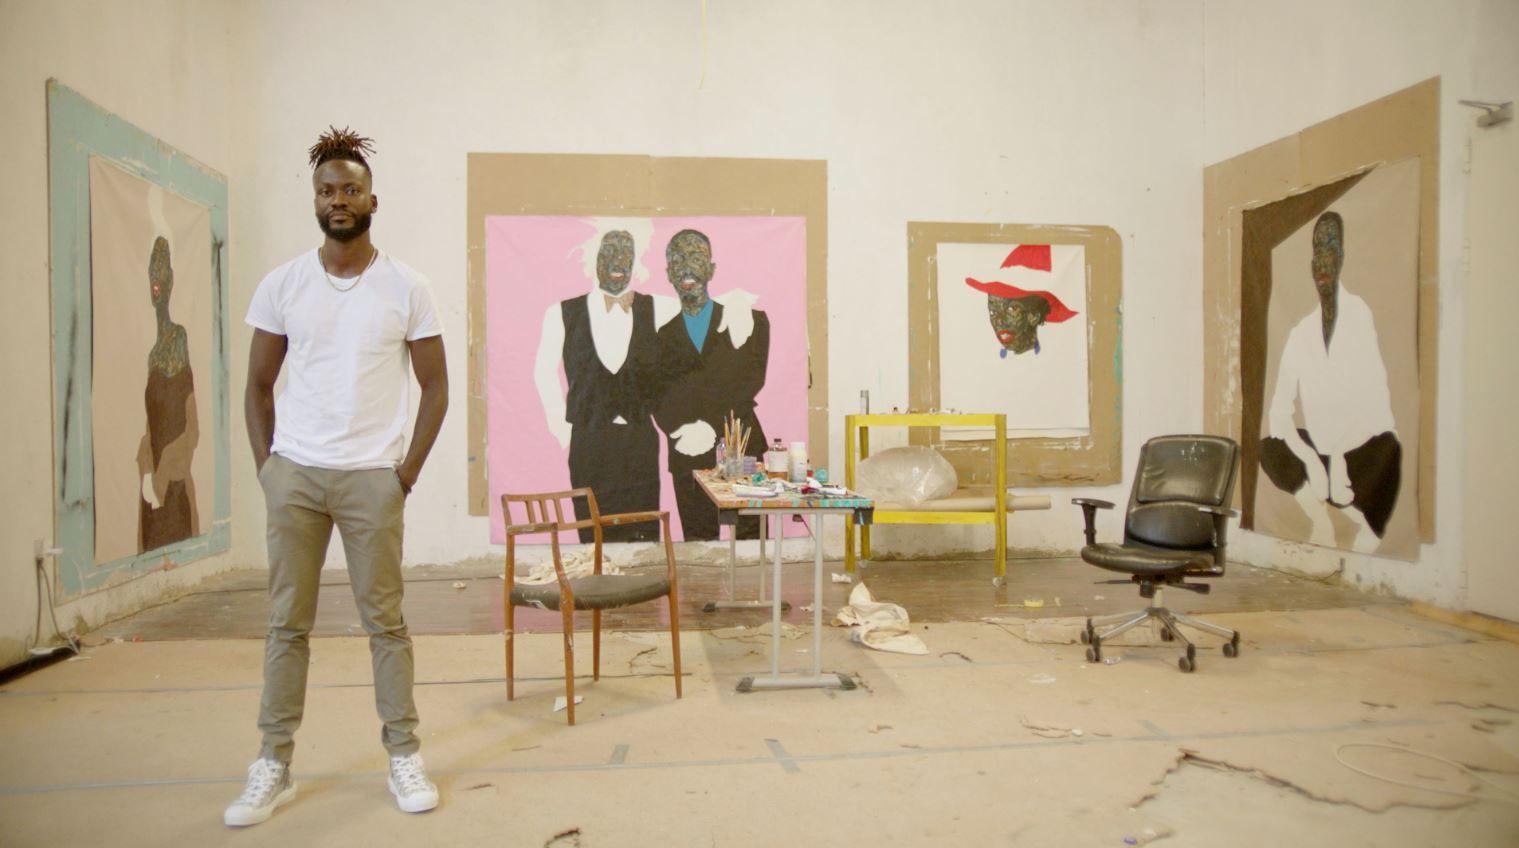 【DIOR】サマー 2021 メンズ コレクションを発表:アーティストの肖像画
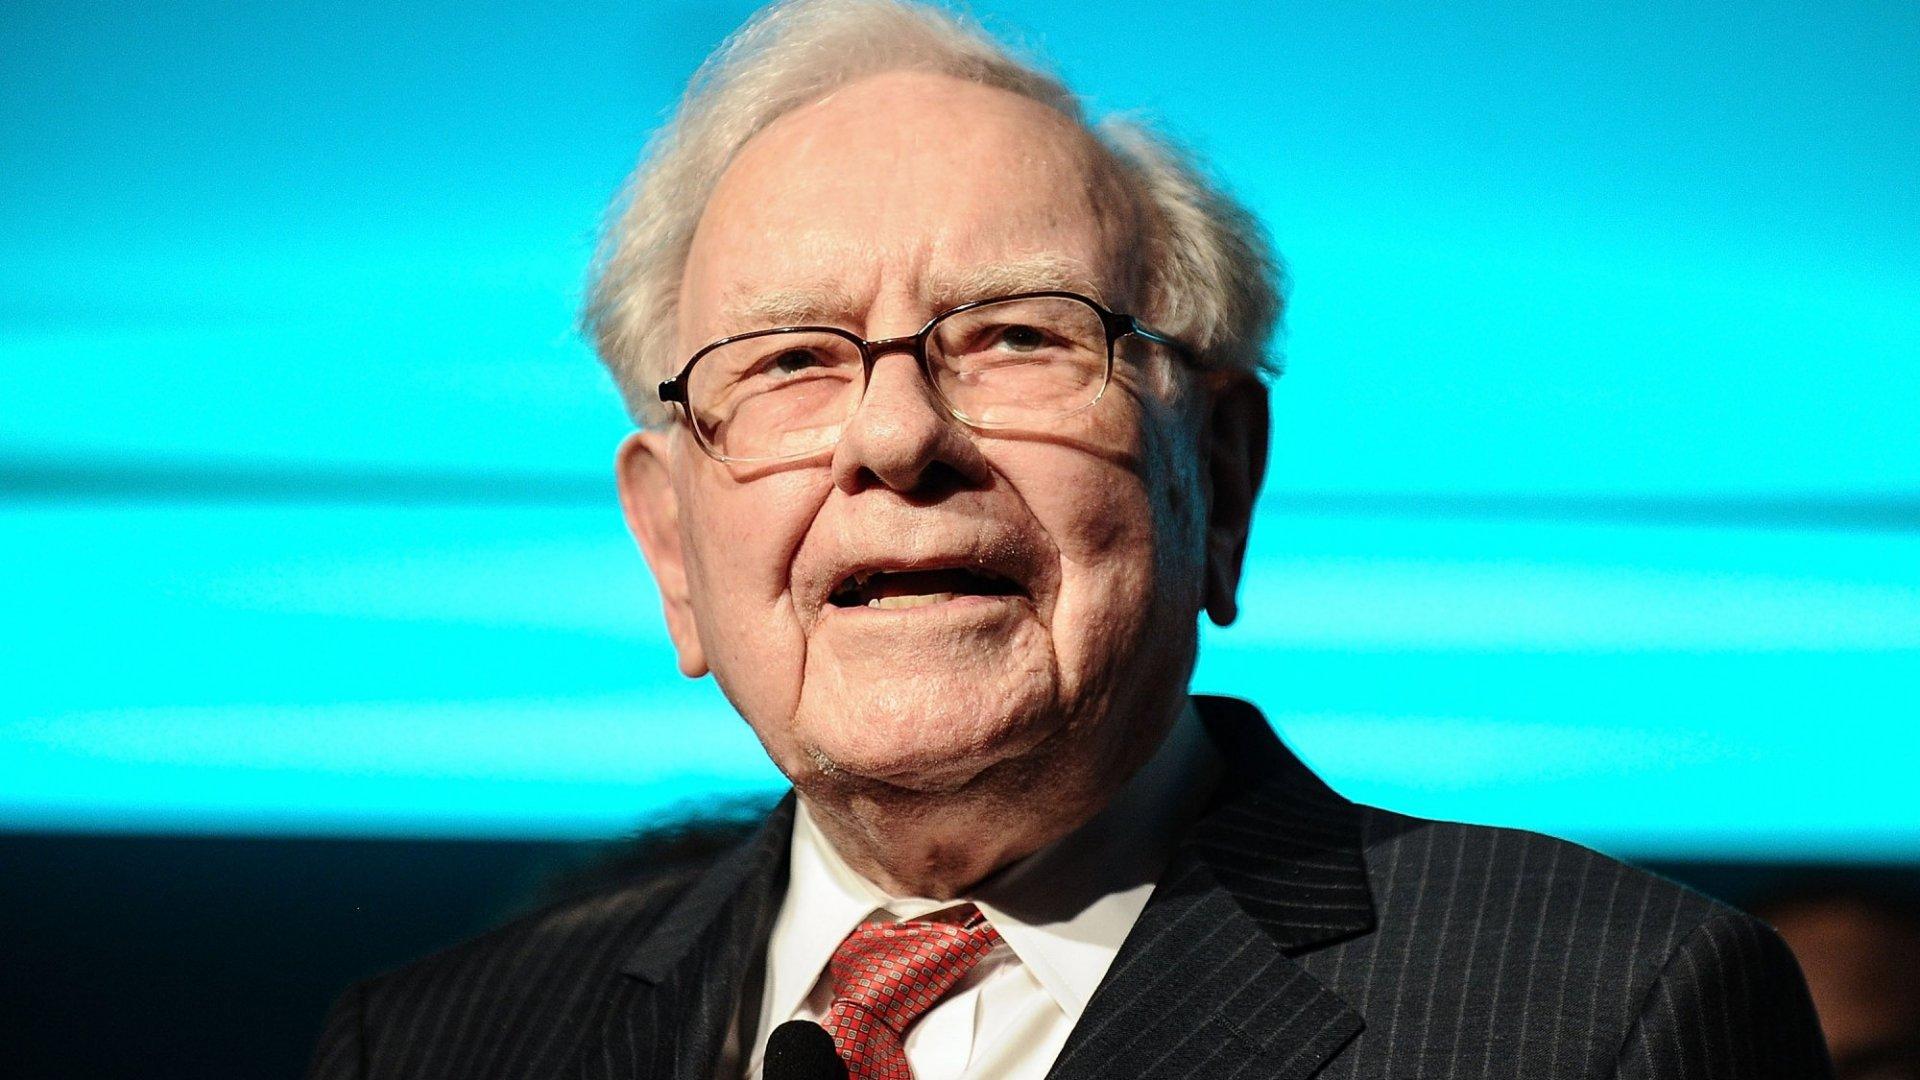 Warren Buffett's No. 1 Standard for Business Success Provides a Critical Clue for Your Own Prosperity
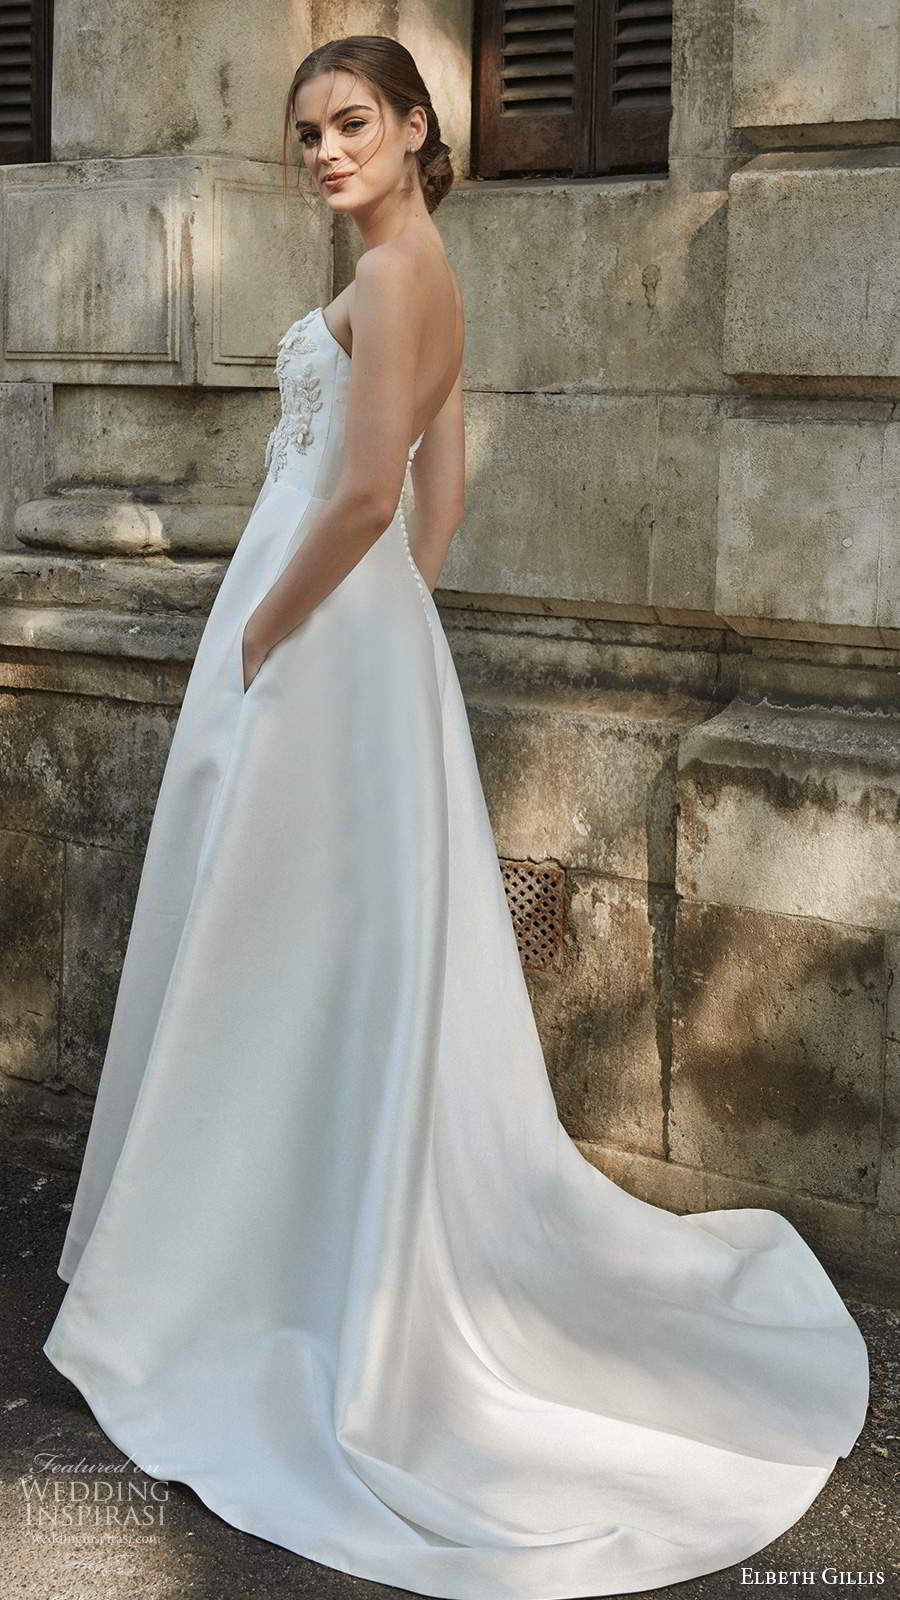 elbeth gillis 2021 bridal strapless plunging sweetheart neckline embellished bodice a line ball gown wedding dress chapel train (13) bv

Required action ->
The lines from the one containing "Warren Buffett's No." up to and including the last line of the material above are to be given again exactly; any pictures are dropped.

Exercise response ->
 Warren Buffett's No. 1 Standard for Business Success Provides a Critical Clue for Your Own Prosperity
 elbeth gillis 2021 bridal strapless plunging sweetheart neckline embellished bodice a line ball gown wedding dress chapel train (13) bv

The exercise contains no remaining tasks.